Sun Yifan, Sun Zhengyang, Jiang Yu, Li Yang, Ma Shuangge
Center for Applied Statistics, School of Statistics, Renmin University of China, Beijing, China.
School of Public Health, University of Memphis, Tennessee, USA.
Stat Methods Med Res. 2020 May;29(5):1325-1337. doi: 10.1177/0962280219859026. Epub 2019 Jul 7.
In cancer research, high-throughput profiling has been extensively conducted. In recent studies, the integrative analysis of data on multiple cancer patient groups/subgroups has been conducted. Such analysis has the potential to reveal the genomic commonality as well as difference across groups/subgroups. However, in the existing literature, methods with a special attention to the genomic commonality and difference are very limited. In this study, a novel estimation and marker selection method based on the sparse boosting technique is developed to address the commonality/difference problem. In terms of technical innovation, a new penalty and computation of increments are introduced. The proposed method can also effectively accommodate the grouping structure of covariates. Simulation shows that it can outperform direct competitors under a wide spectrum of settings. The analysis of two TCGA (The Cancer Genome Atlas) datasets is conducted, showing that the proposed analysis can identify markers with important biological implications and have satisfactory prediction and stability.

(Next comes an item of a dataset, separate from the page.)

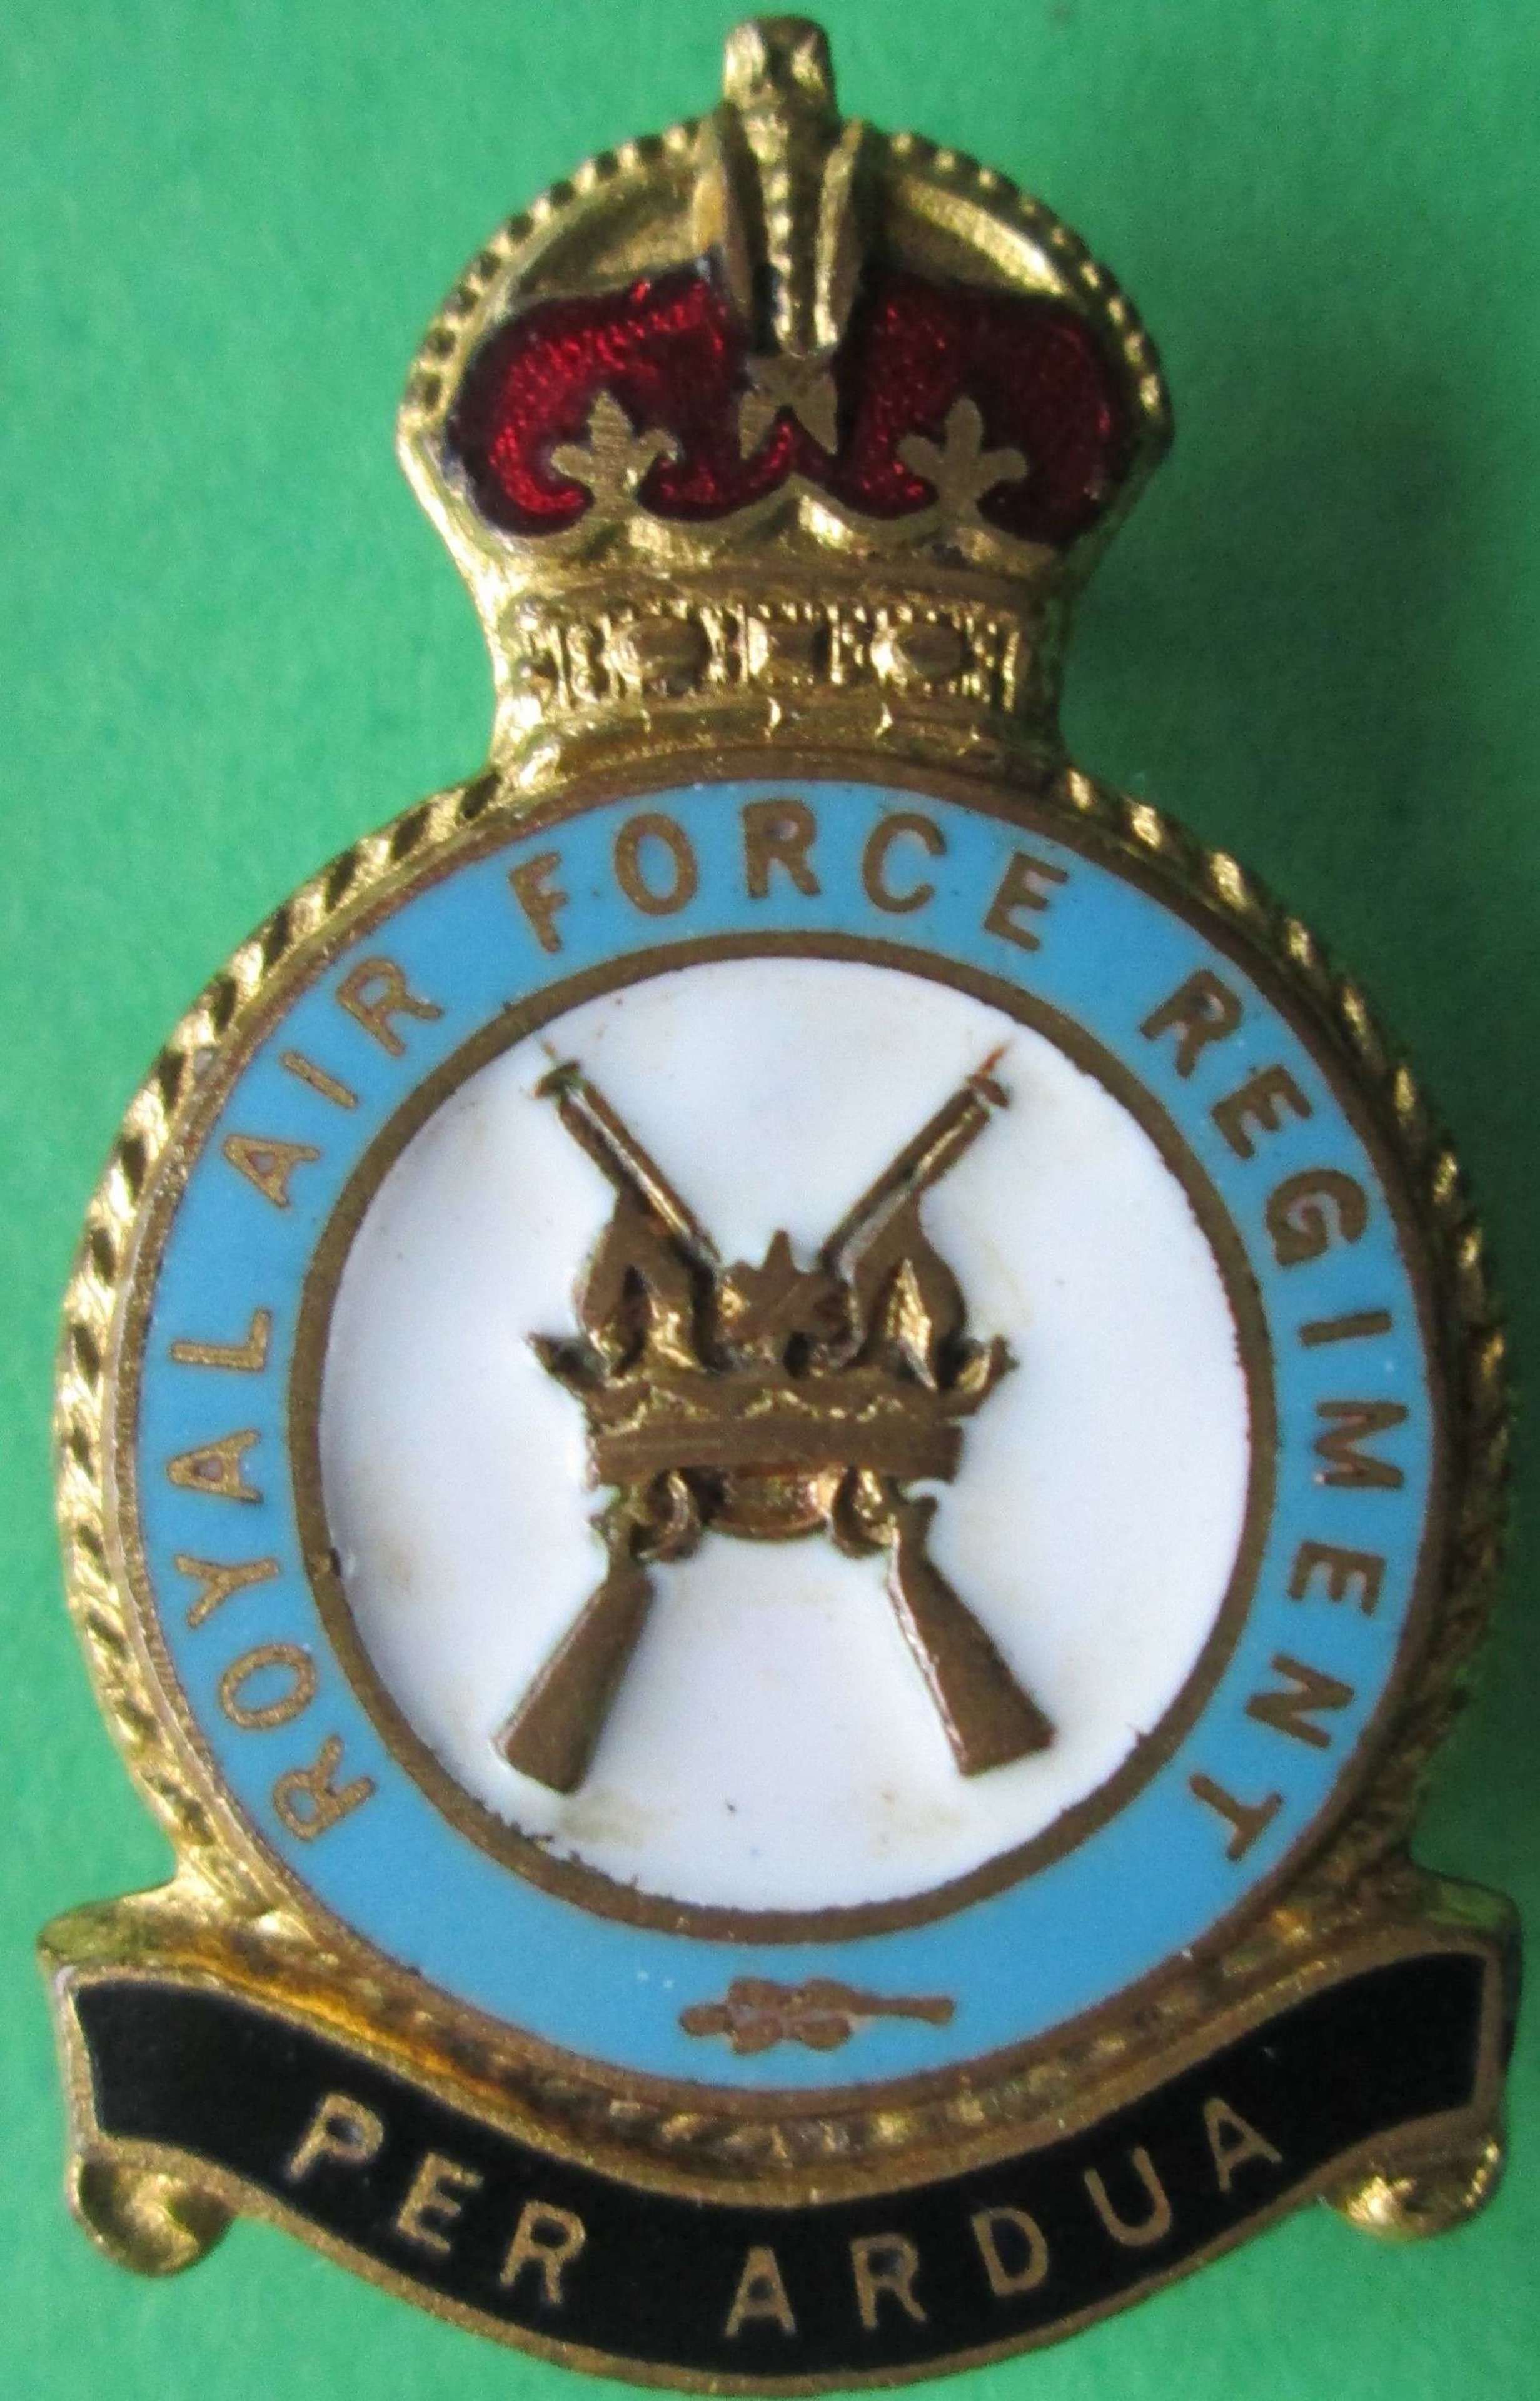 A RAF REGIMENT PIN BADGE

在癌症研究中,高通量分析已被广泛开展。在最近的研究中,对多个癌症患者组/亚组的数据进行了综合分析。这种分析有可能揭示不同组/亚组之间的基因组共性和差异。然而,在现有文献中,特别关注基因组共性和差异的方法非常有限。在本研究中,开发了一种基于稀疏提升技术的新型估计和标记选择方法来解决共性/差异问题。在技术创新方面,引入了一种新的惩罚和增量计算方法。所提出的方法还可以有效地适应协变量的分组结构。模拟表明,在广泛的设置下,它优于直接竞争对手。对两个TCGA(癌症基因组图谱)数据集进行了分析,结果表明所提出的分析能够识别具有重要生物学意义的标记,并且具有令人满意的预测能力和稳定性。